Oui, c’était très tôt dans la saison, en ouverture du Championnat à Strasbourg. J’ai rejoint le groupe durant la préparation estivale. J’ai pris part à quelques rencontres en pré-saison, dont la double confrontation contre le FC Porto. Je pense avoir fait de bonnes choses, ce qui m’a permis de me rapprocher un peu plus encore du groupe professionnel. Et même si je n’ai finalement pas disputé mes premières minutes officielles en Alsace, ce déplacement a été une expérience enrichissante.
Et de votre apparition en Europa League contre l’Étoile Rouge de Belgrade ?
C’était incroyable ! Il restait cinq minutes au tableau d’affichage quand on m’a fait signe de me préparer. J’ai senti une montée d’adrénaline et, en même temps, une émotion intense. Mes coéquipiers m’ont encouragé pour mes premiers pas, et je me suis senti à l’aise sur le terrain.
Il y a ce fameux match à Auxerre. Aviez-vous senti que Philippe Clement vous donnerait votre chance ?
J’ai compris assez rapidement qu’il y avait de fortes probabilités que je fasse mes débuts en Ligue 1 car le préparateur physique m’a demandé d’intensifier mon échauffement avec Youssouf (Fofana) et (Aleksandr) Golovin à la fin de la première mi-temps. Dans le vestiaire, l’entraîneur a annoncé des changements tactiques et prononcé mon nom.
Monaco est alors accroché.

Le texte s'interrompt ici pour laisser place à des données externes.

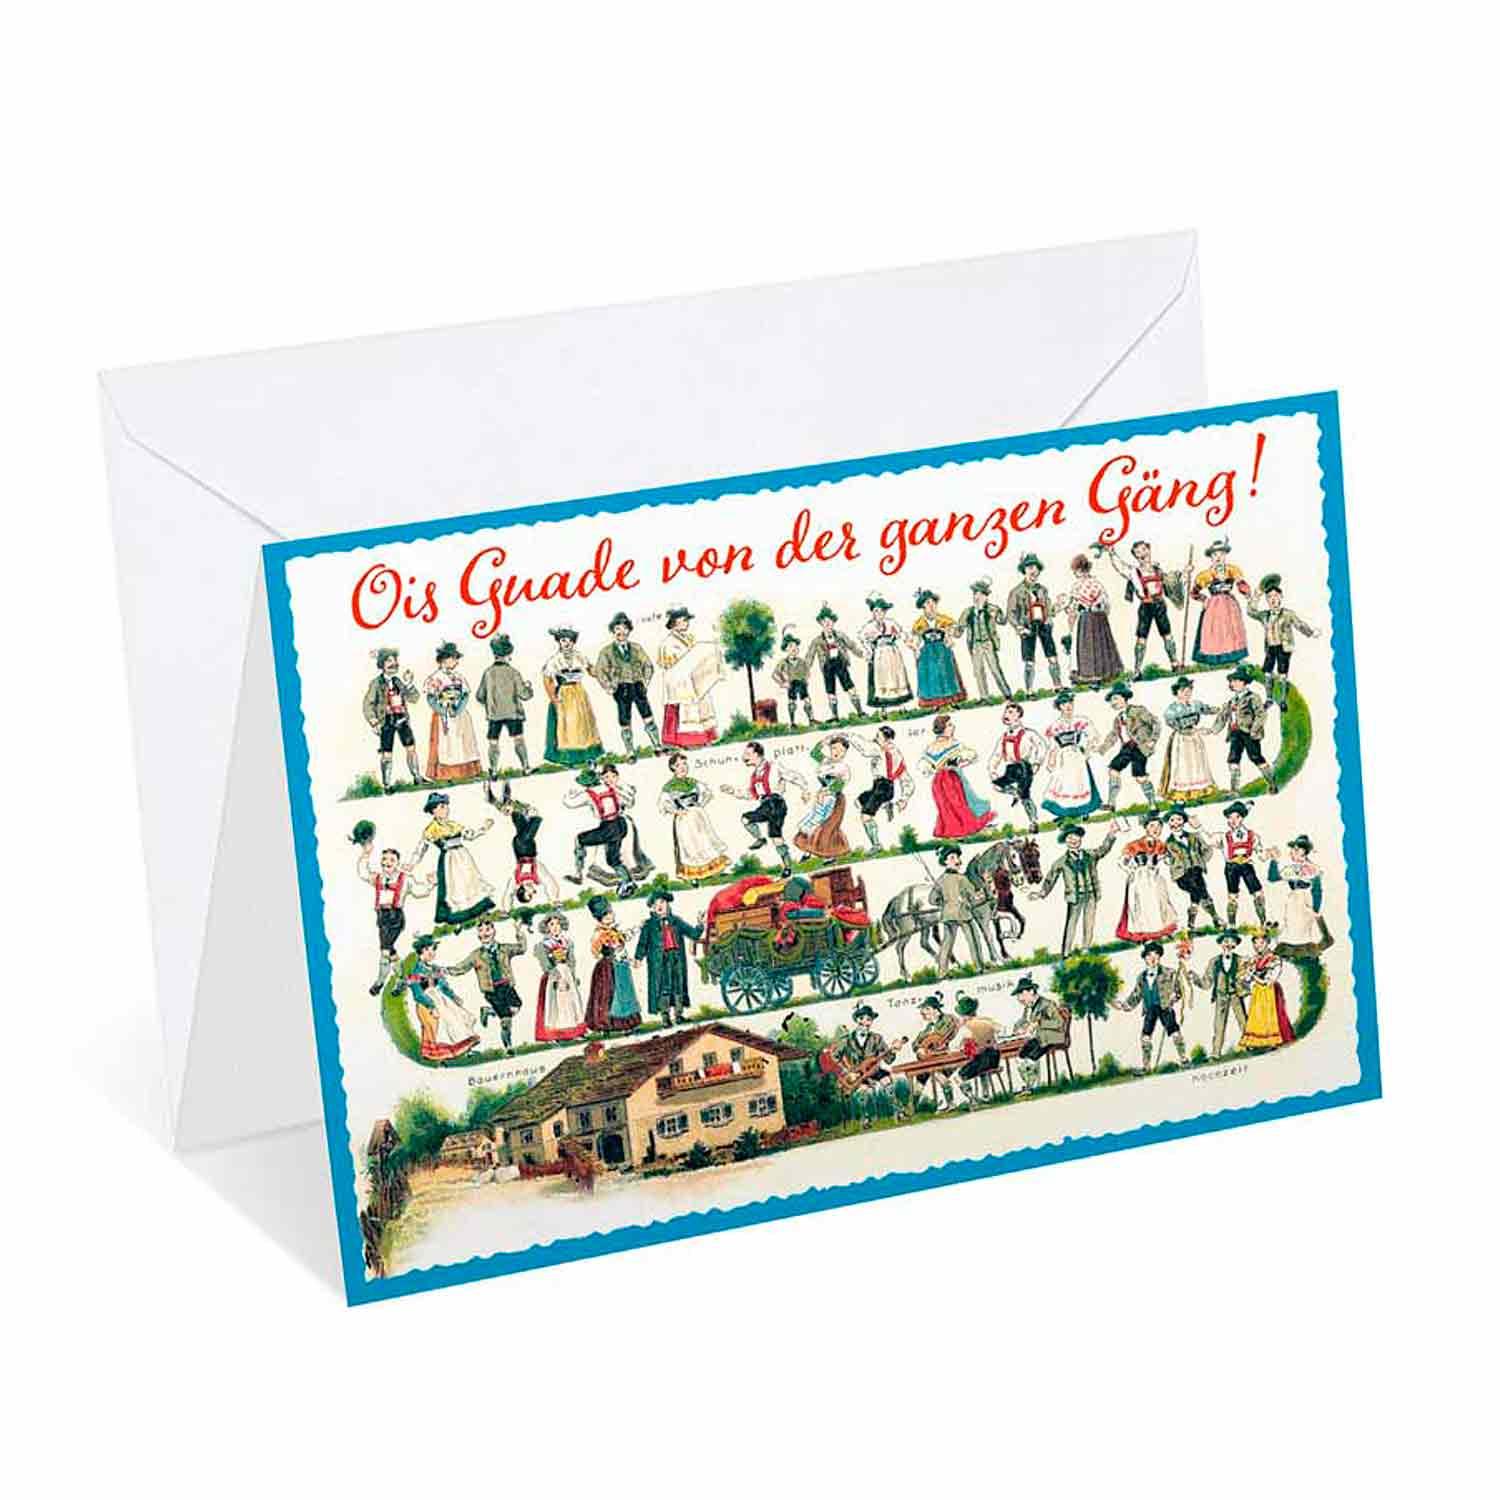 Geburtstagskarte "Ois Guade von der ganzen Gäng!" - bavariashop - mei LebensGfui

Vous avez le temps de vous imprégner du scénario ?
Non, tout se bouscule très vite dans la tête. Quand on t’annonce que tu vas entrer dans ce contexte, tu cherches simplement à être prêt. Tu t’échauffes du mieux que tu peux pour être performant. Je dois cependant avouer que j’ai repensé à mon parcours lorsque le quatrième arbitre a levé son panneau avec mon numéro. Je me suis dit « ça y est, ta carrière commence ». Et je trouve que mes débuts se sont plutôt bien déroulés… (Il sourit)

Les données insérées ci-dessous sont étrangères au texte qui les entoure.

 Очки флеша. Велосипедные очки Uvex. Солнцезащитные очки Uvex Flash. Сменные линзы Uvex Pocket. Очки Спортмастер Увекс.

A quoi pensez-vous quand vous déclenchez le tir qui offre la victoire à Monaco à la 85e minute ?
(Emu) Les émotions prennent le dessus. Vous avez vu ma célébration ? Je cours partout, je crie. Youssouf est aux premières loges et il n’en revient pas lui aussi. (Il rit et reproduit, main sur la bouche, la réaction de Fofana) Ce but, c’est un truc de fou !
Décortiquez-le pour nous.
On part en contre-attaque. Le ballon arrive sur Golo’ dans l’axe qui, en ratant son contrôle, le remet à (Ismail) Jakobs. Il me le donne rapidement sur le côté gauche afin que je puisse provoquer mon vis-à-vis. (Il rejoue la situation avec les mains) Petit passement de jambes, course vers l’intérieur… Je sens bien la frappe. Je ne sais pas vraiment où est la cage quand je déclenche, mais j’accroche le cadre à une vingtaine de mètres.

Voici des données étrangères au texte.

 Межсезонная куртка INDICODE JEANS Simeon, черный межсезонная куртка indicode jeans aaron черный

On a entendu dire que c’était la « Spéciale Ben Seghir ». C’est vrai ?
Oui, c’est ça. (Il sourit fièrement) Mes collègues de l’Academy sont les mieux placés pour dire que j’ai déjà inscrit des dizaines de buts comme celui-là dans les catégories de jeunes. Dès que je me retrouve dans cette position, je sais que je peux marquer. Cela ajoute un charme supplémentaire à ma réalisation : ce que j’ai fait à l’Academy, je l’ai reproduit chez les pros.
Vous avez tenu à célébrer votre premier but puis la victoire avec le kop. Pourquoi ?
C’était naturel d’aller voir les supporters. J’ai des souvenirs de matches à la télé où les joueurs se jetaient dans la foule pour être au plus près des fans, pour partager leur engouement. J’ai ressenti le besoin d’aller les voir. Transmettre ta joie et recevoir la leur, je trouve ça beau. En plus, à Auxerre, le kop était plein.
Quand on réussit des débuts pareils à 17 ans, on se dit « j’ai fait le plus dur » ou « le plus dur commence » ?
« Le plus dur commence », parce que tu crées de l’attente chez les gens. Tu vas devoir répéter les mêmes « prouesses » pour ne pas qu’ils pensent que tu as eu de la chance. Confirmer, essayer d’être le plus régulier et répondre aux attentes, c’est la partie du contrat la plus difficile à remplir pour un footballeur. Je sais que je suis très jeune, que je ferai des erreurs et que je passerai malheureusement au travers de quelques matches. Cela ne m’empêchera pas de continuer à travailler pour gagner en régularité.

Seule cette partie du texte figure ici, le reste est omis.